To start, we knew that the other router was already configured for BGP so we used the Embedded Packet Capture feature in the router to get a PCAP and export it to the laptop and open it in Wireshark. We could see the packets coming in on TCP/179. What we were hoping is that we could see the BGP OPEN message which would have the neighbor's AS number. Unfortunately though we did not see that. The reason why is BGP must have TCP established first, so we configured BGP on our router even though we knew that we didn't have the correct information. At this point, we still could not see the BGP OPEN message as we still could not get a TCP handshake established. We could see that option 19 (MD5 checksum of TCP packet) was present in the TCP SYN packet so we knew that we had to crack that password for that MD5 checksum in order to complete the challenge. At this point in the competition, we ran out of time.
Below is the solution that I came up with, but was not able to complete. And at the very end, I will give the other solution that one of the other teams came up with. They actually did complete the China challenge and shared their method after the competition ended.
My Proposed Solution
RFC 2385 defines TCP option 19 which is a MD5 checksum of the TCP pseudoheader, TCP header, TCP payload, and the password (source). I was going to take all of these fields from Wireshark and then brute force the password and try and find an MD5 checksum that matched what was extracted from the packet capture.
An Alternative Solution
One of the other teams brute-forced the BGP MD5 password by looping over the packet capture with the
tcpdump -M option. The
-M option allows you to specify a checksum password and tcpdump will tell you if it is valid or not. Much easier than attempting to do it my way.
But Wait, There's More
Now that the BGP password is known and now configured on your router, you can see what AS number the other router is configured for in the
BGP OPEN message. Once you have configured both the remote-as and the password, you still will not be able to form a peering.
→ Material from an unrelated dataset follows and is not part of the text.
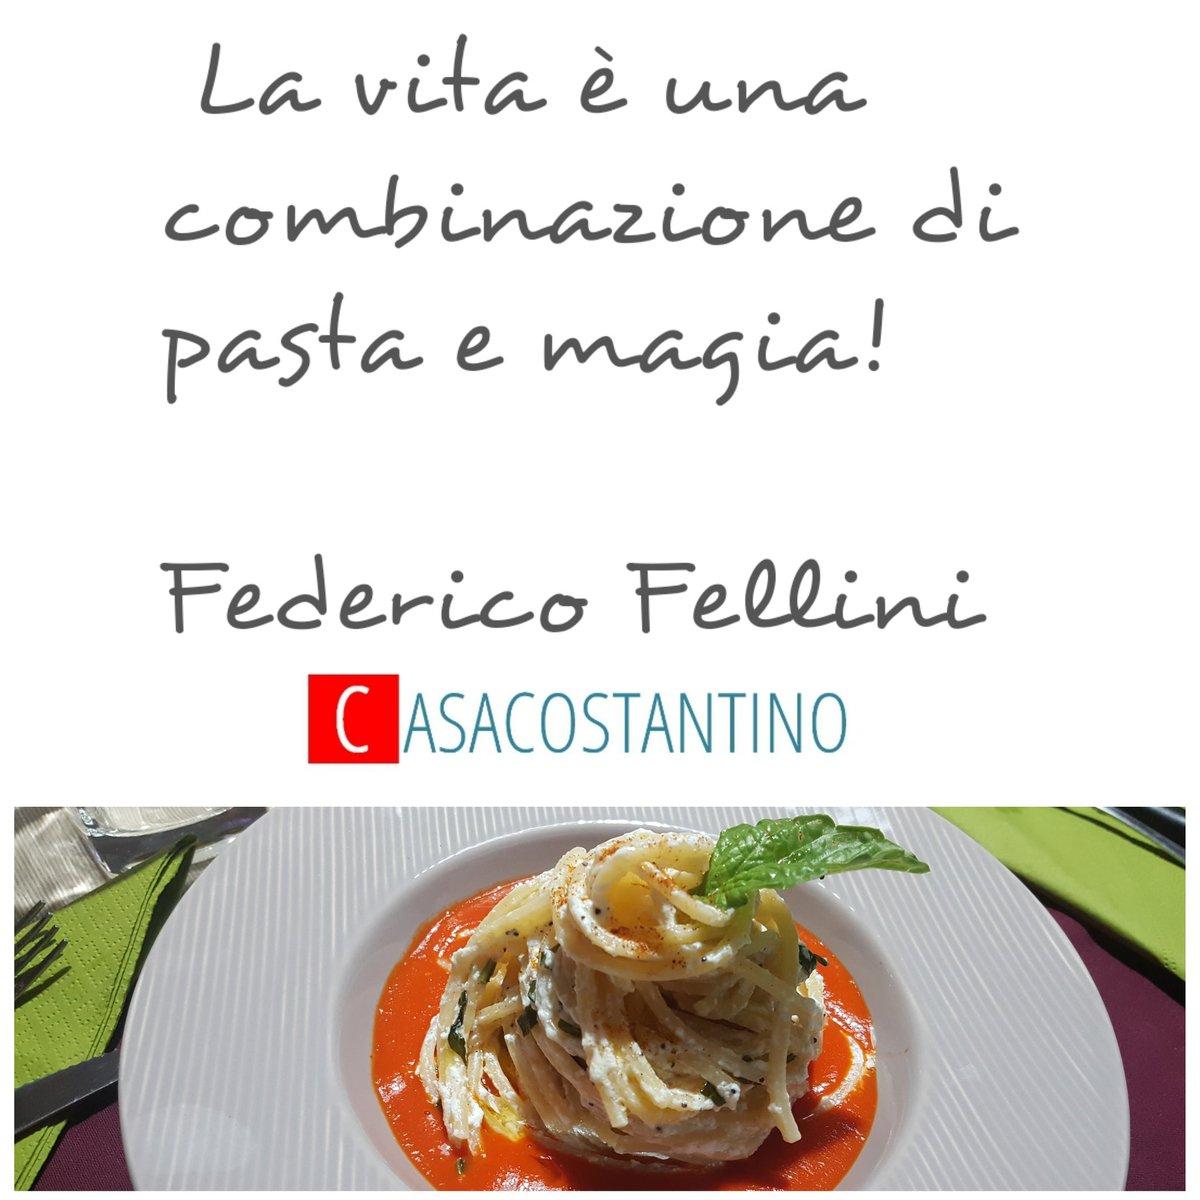 http://ItalyGourmet.co #Cucina #ItalianRecipesLa vita è una combinazione di #pasta e magia. #mood #casacostantino #food #ricetta #recipe #madeinitalyhttps://t.co/88Z60qrhLi — Casacostantino (@casacostantino1) January 7, 2018 - Ukustom

This is because the other router only sends his own ASN, not what ASN he thinks the peer to be. So, then you must brute force your ASN and keep trying different ASNs on your router until you happen to guess the one that the remote router is configured to peer with. Only then will the peering come up and you can get the BGP learned prefix, which is the flag for the China challenge.
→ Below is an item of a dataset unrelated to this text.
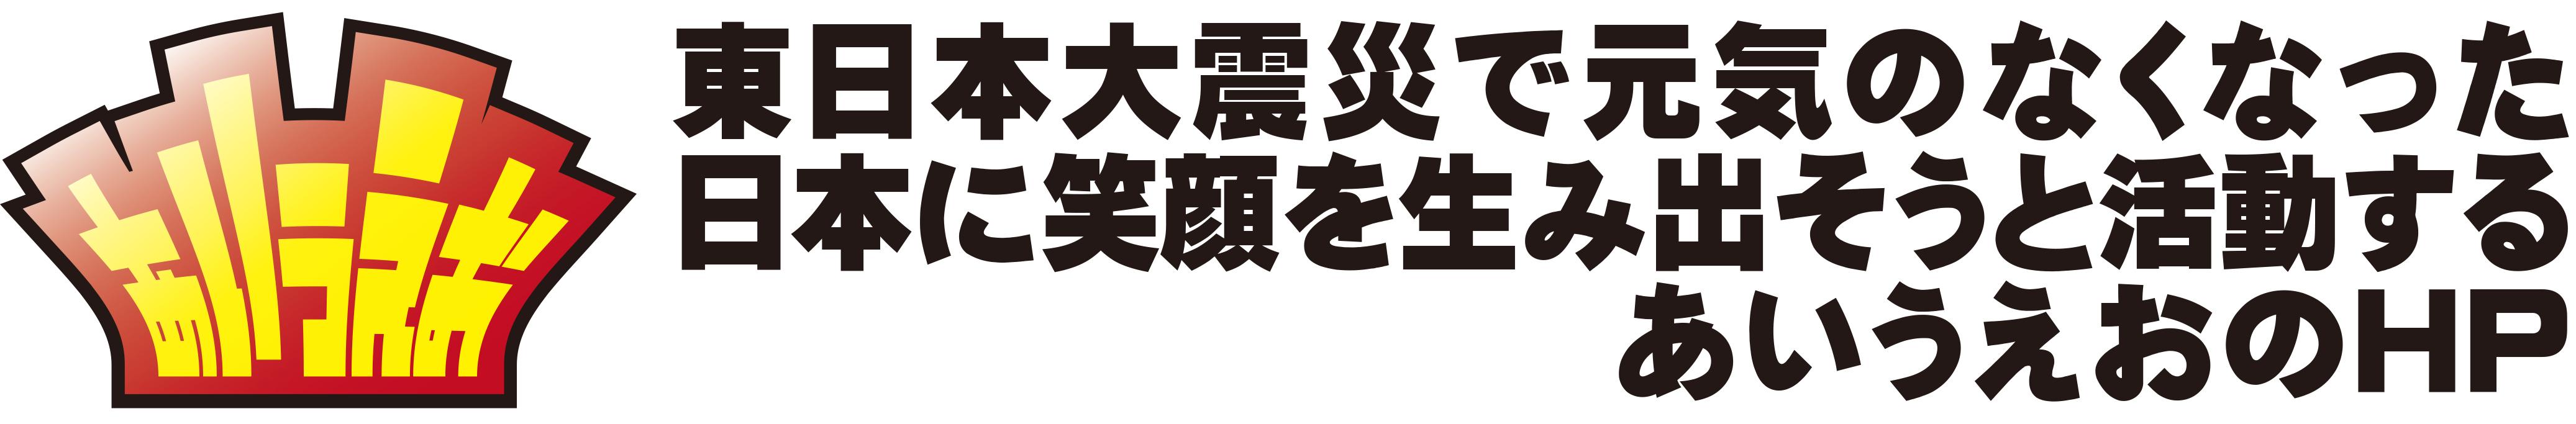 東日本大震災で元気のなくなった日本に笑顔を生み出そうと活動するあいうえおのHP

I really enjoyed this competition and it is not quite like any CTF I have ever seen. Most are security or networking, but not a total mixture of so many different technical domains. I hope that Cisco continues this again next year. In case you were wondering, my team (Team Presidio) did win the competition. That said, I just want to say that there were so many skilled teams and it was really fun to discuss with everyone how they came about their solutions.
Here are the NUCs! I'm thinking about using it to run some containers with different services for my house (think Plex, and other such things).